From: Markus Scherer (markus.icu@gmail.com)
Date: Fri Oct 15 2010 - 18:04:36 CDT
On Fri, Oct 15, 2010 at 3:19 PM, Tim Greenwood <timothy@greenwood.name>wrote:
> Is there any regular expression - in perl, or elsewhere, that enables
> searching on the derived age? I want to find all characters in a file added
> since Unicode 4.1.
> I could write it all by processing against the derived age file, but it
> would be nice if it is ready to go.
>
You could use an ICU UnicodeSet or an ICU regular expression.
http://unicode.org/cldr/utility/list-unicodeset.jsp?a=[[:^Cn:]%26[:^age%3D4.1:]]&abb=on&g=
http://userguide.icu-project.org/strings/unicodeset
http://userguide.icu-project.org/strings/regexp
A (frozen) UnicodeSet with its span() or spanUTF8() method might suffice,
depending on what you need.
We also have dedicated API (UCharacter.java/uchar.h) for the non-Unihan
properties.
Note what UTS #18 <http://www.unicode.org/reports/tr18/> says about [:age:]

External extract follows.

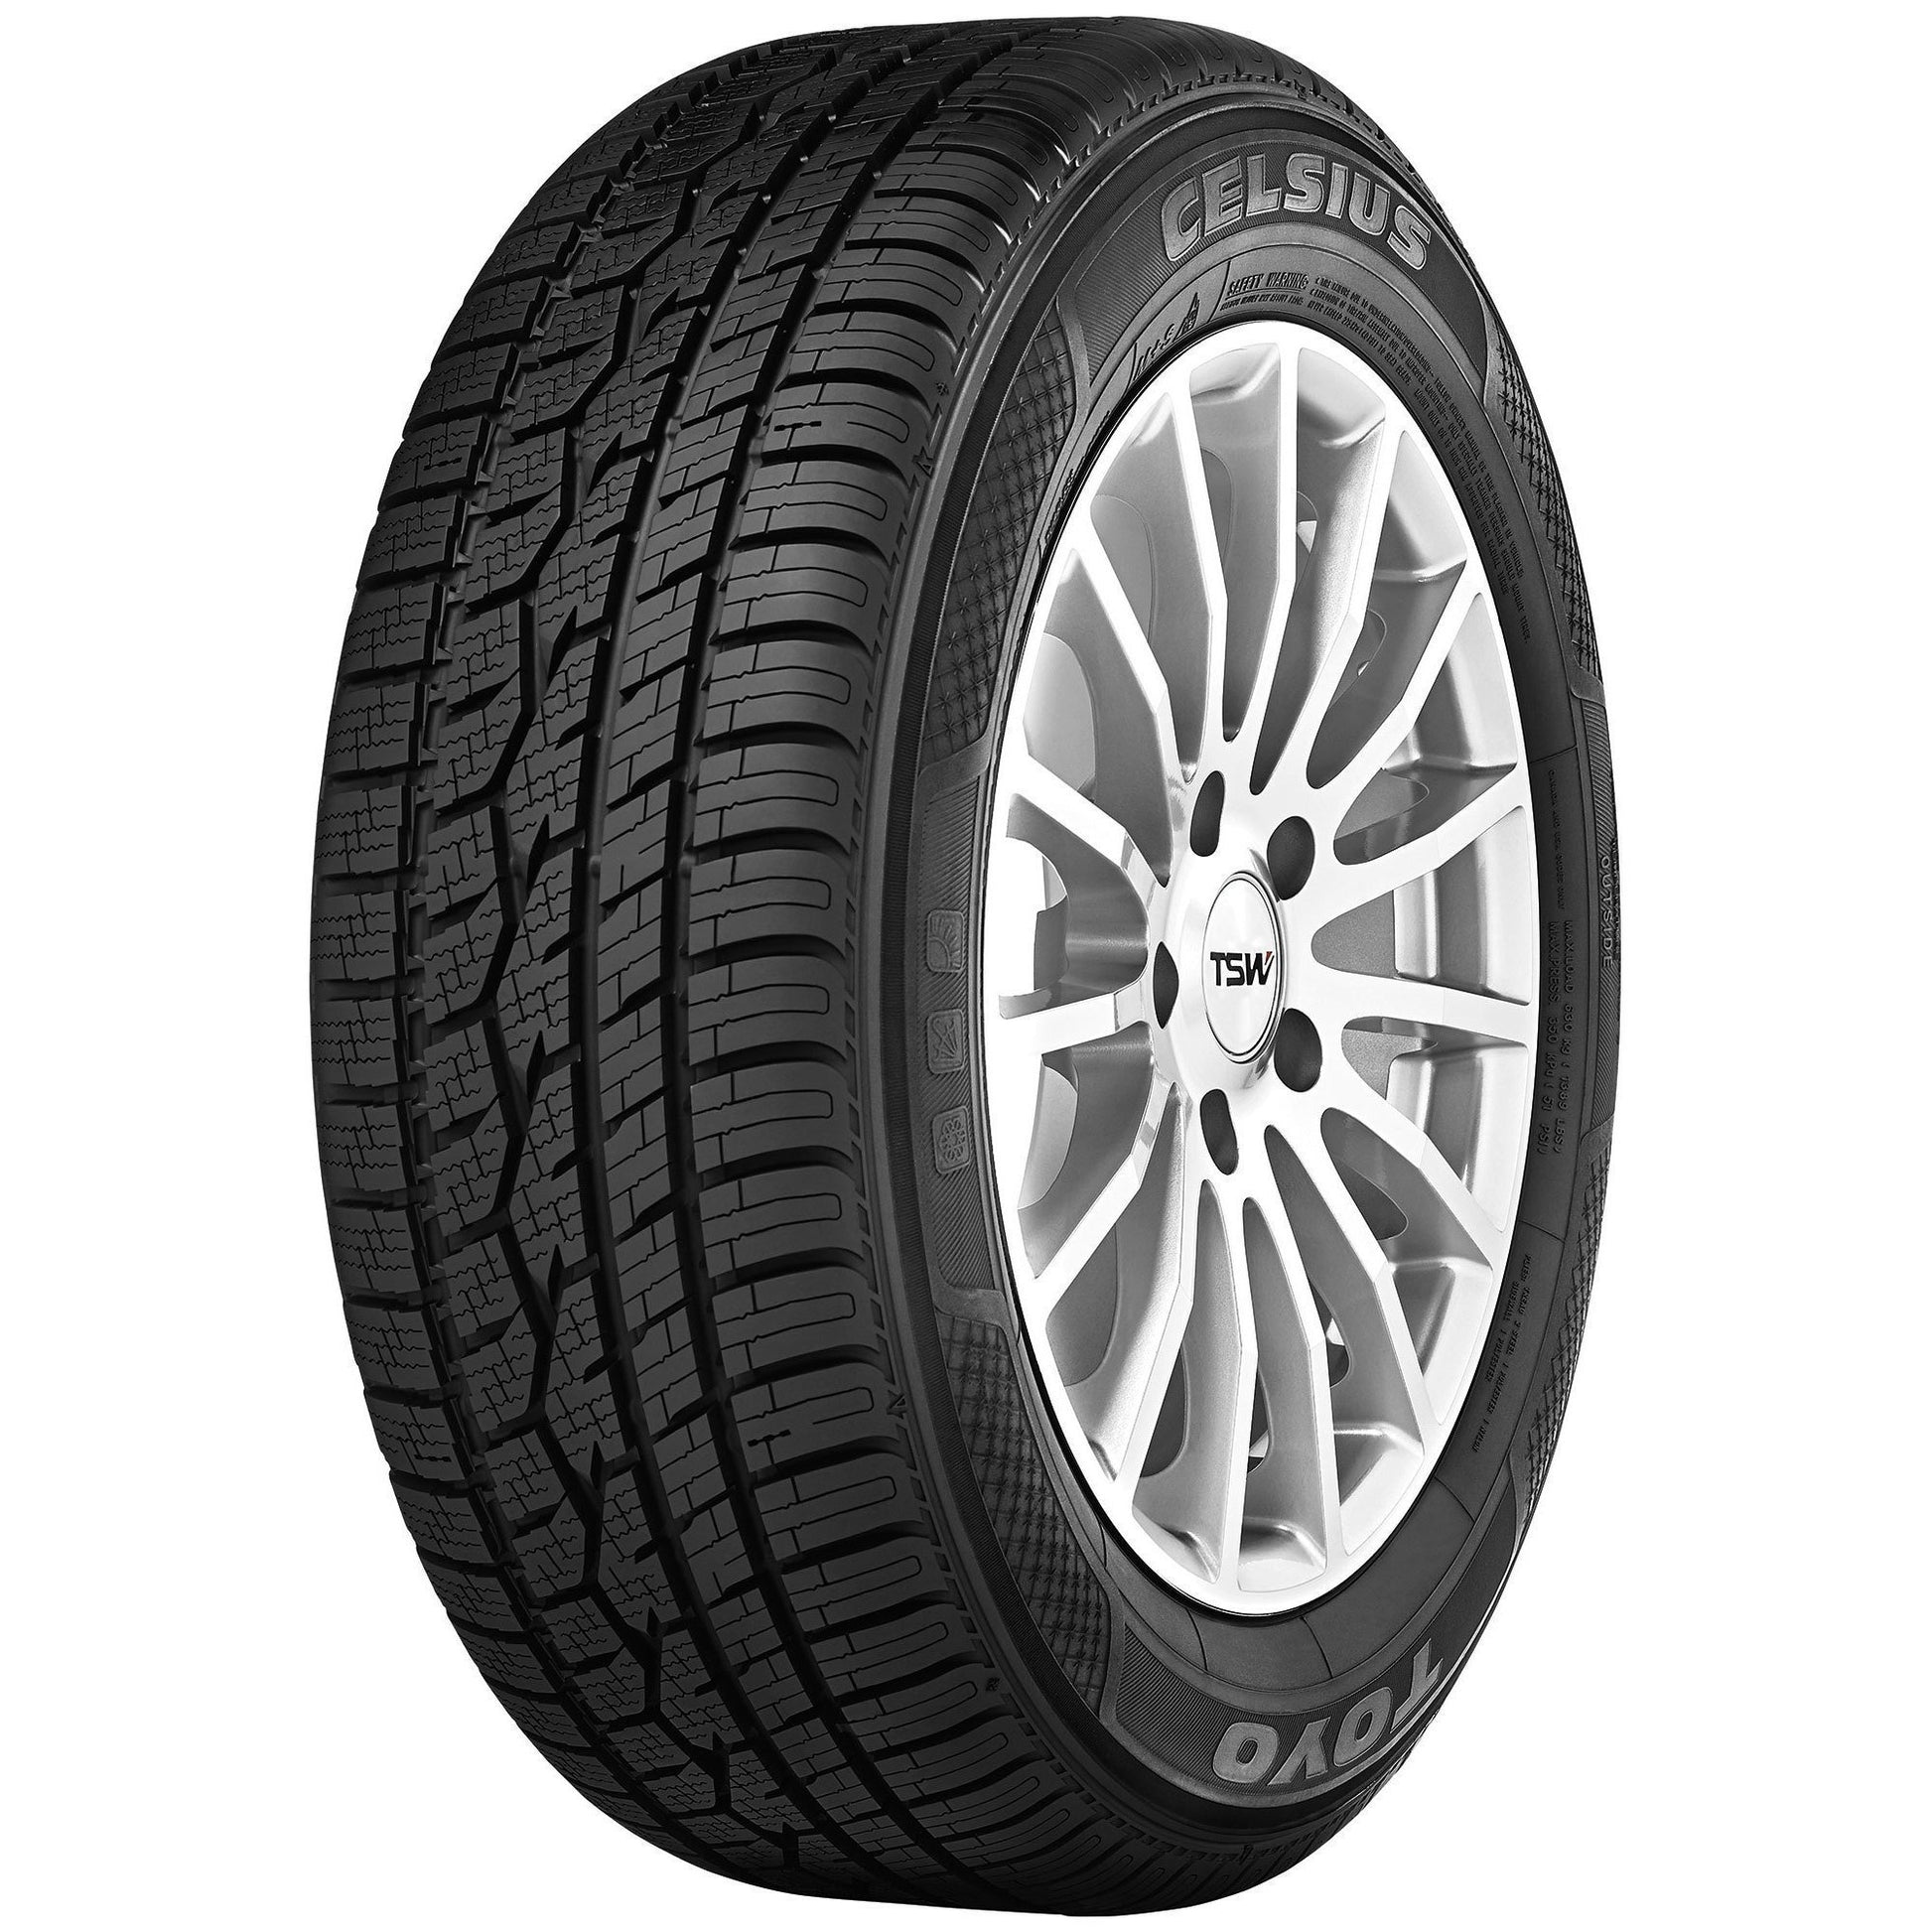 Toyo 235/40R18 95V Celsius Tire - Universal (129510)-toy129510-129510-Tires-Toyo-235-40-18-JDMuscle

or \p{age} (which ICU implements):
*Age
**Caution:* The
DerivedAge<http://www.unicode.org/Public/UNIDATA/DerivedAge.txt> data
file in the UCD provides the deltas between versions, for compactness.
However, when using the property all characters included in that version are
included. Thus\p{age=3.0} includes the letter *a*, which was included in
Unicode 1.0. To get characters that are new in a particular version,
subtract off the previous version as described in 1.3 Subtraction and
Intersection<http://www.unicode.org/reports/tr18/#Subtraction_and_Intersection>.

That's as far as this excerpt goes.